_Available data_.
• • •

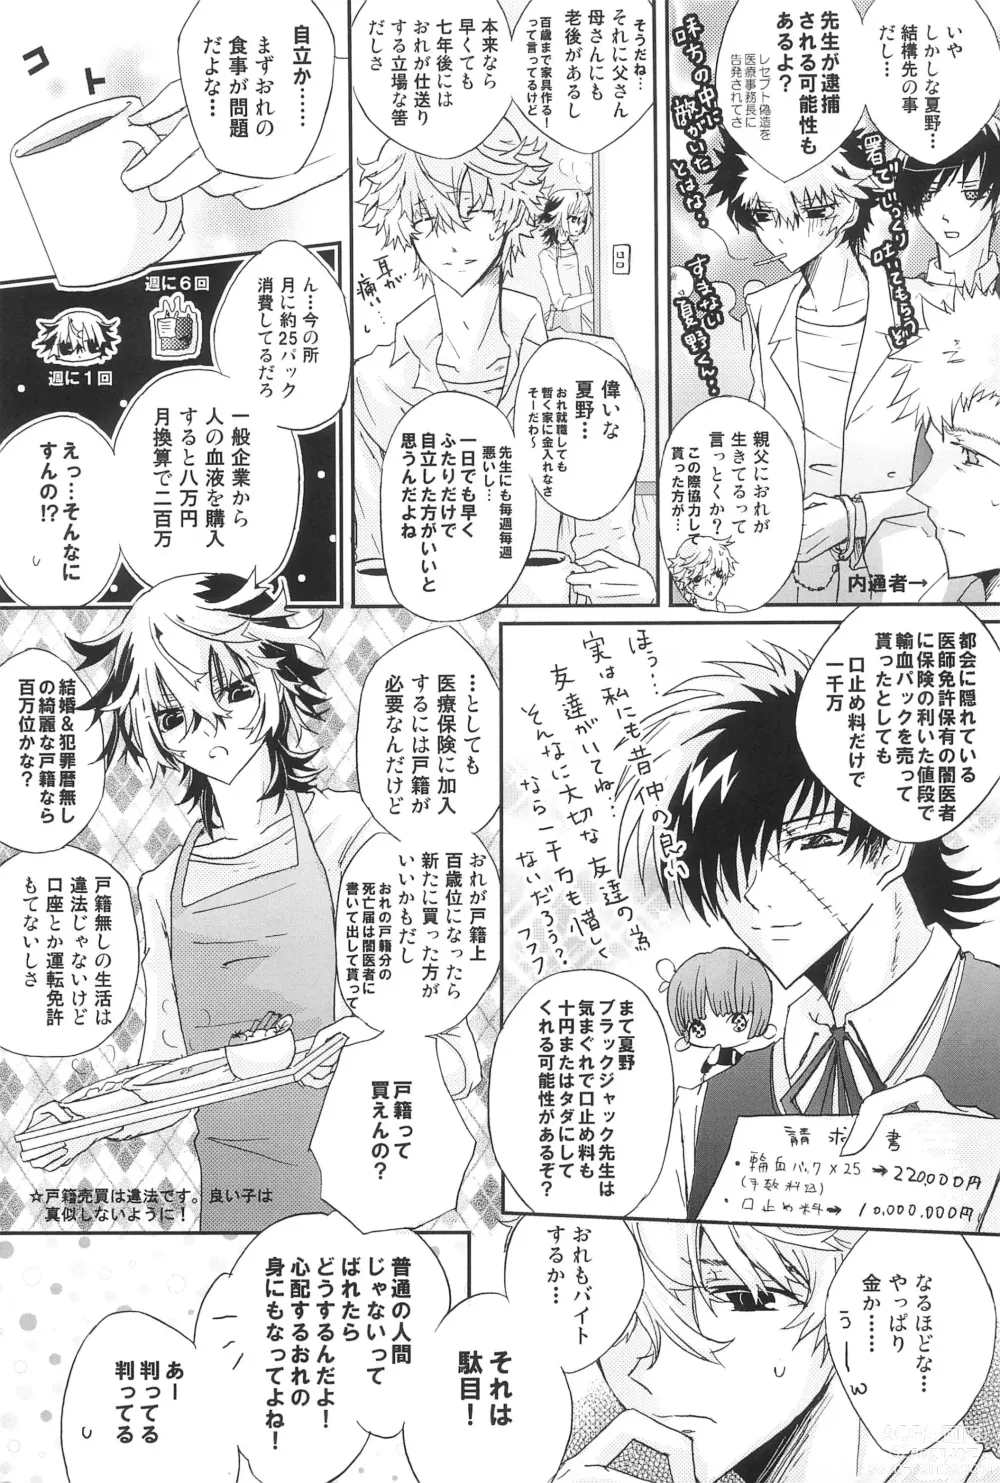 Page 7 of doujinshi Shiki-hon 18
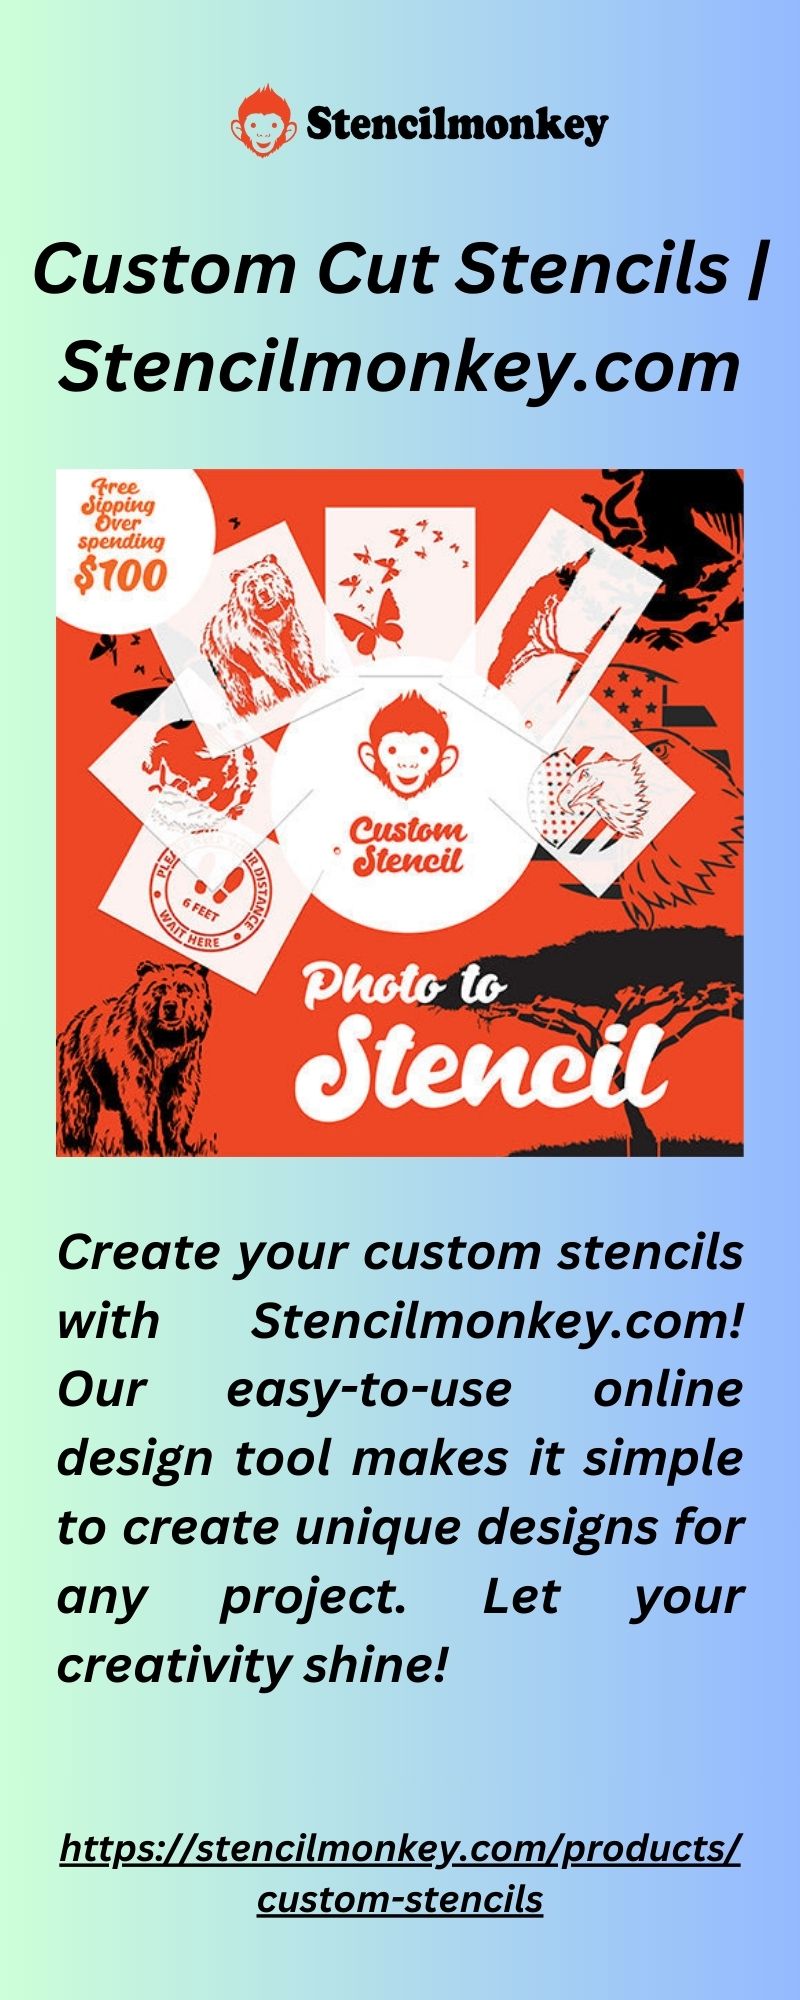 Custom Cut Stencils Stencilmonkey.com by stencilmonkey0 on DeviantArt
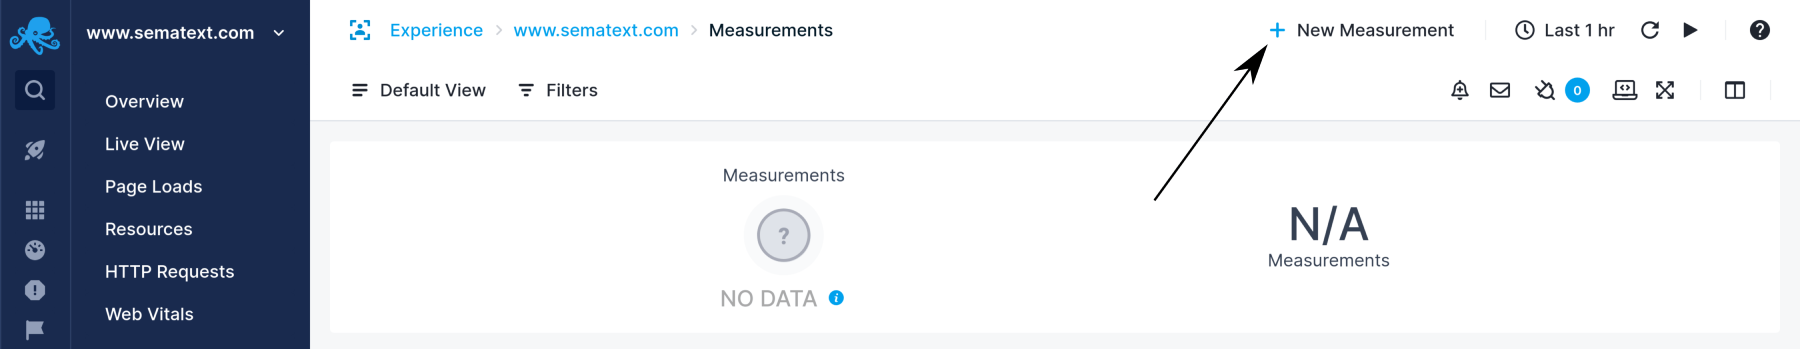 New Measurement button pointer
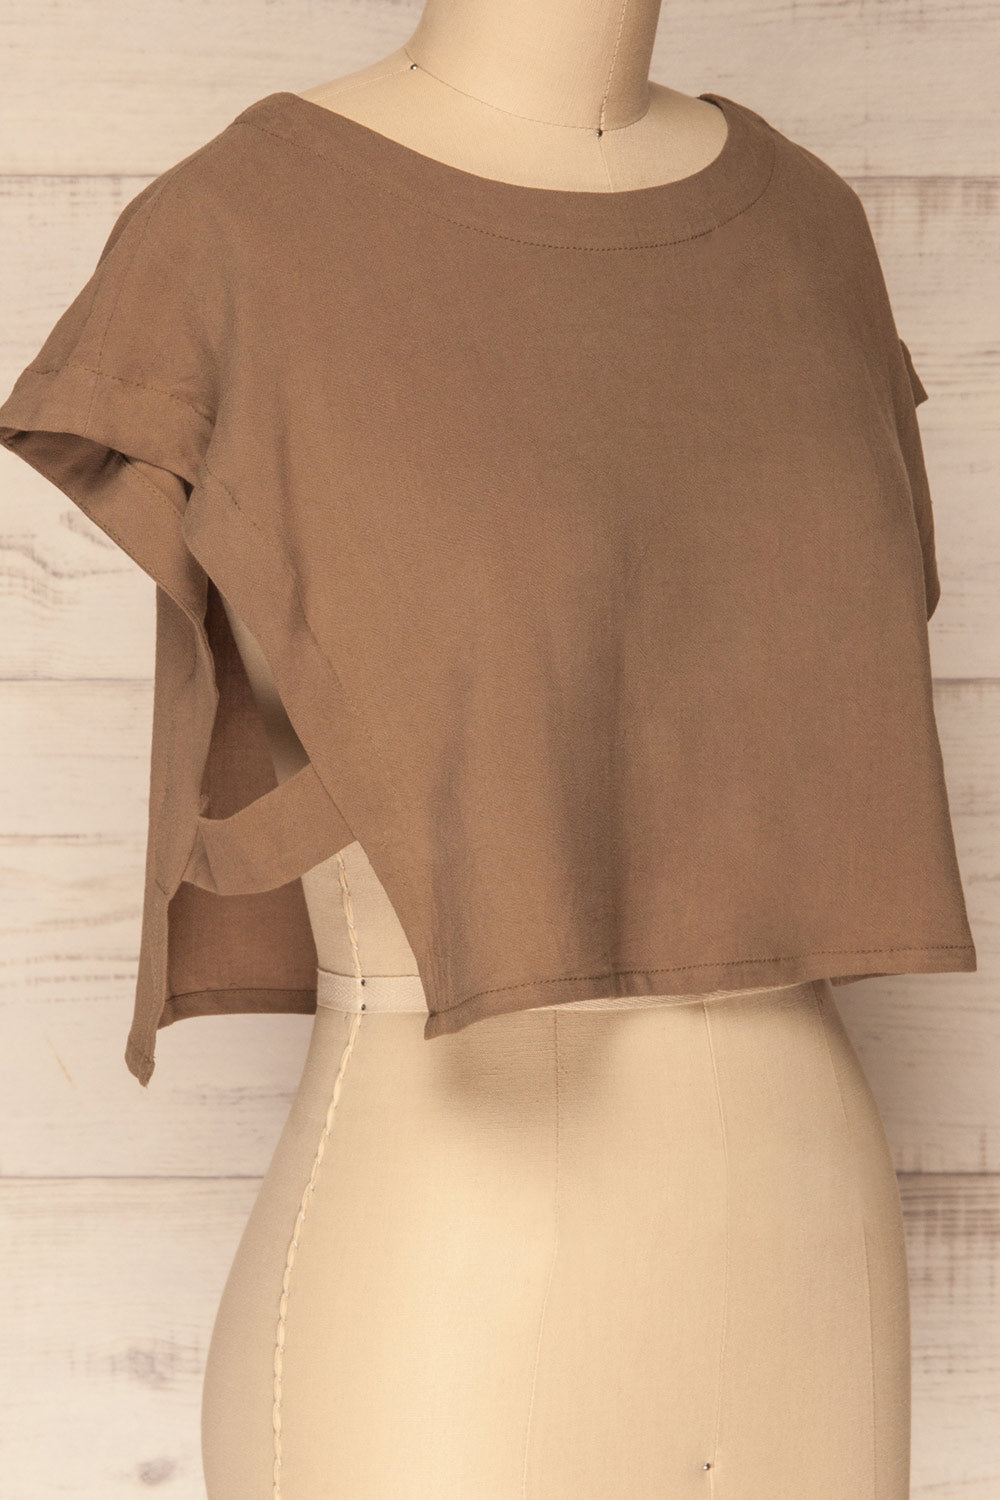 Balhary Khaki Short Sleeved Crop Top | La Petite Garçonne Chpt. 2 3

• • •

Set down all of the material above exactly as written, leaving the pictures out.

 Page 7 of doujinshi Shiki-hon 18
 Custom Cut Stencils Stencilmonkey.com by stencilmonkey0 on DeviantArt
 New Measurement button pointer
 Balhary Khaki Short Sleeved Crop Top | La Petite Garçonne Chpt. 2 3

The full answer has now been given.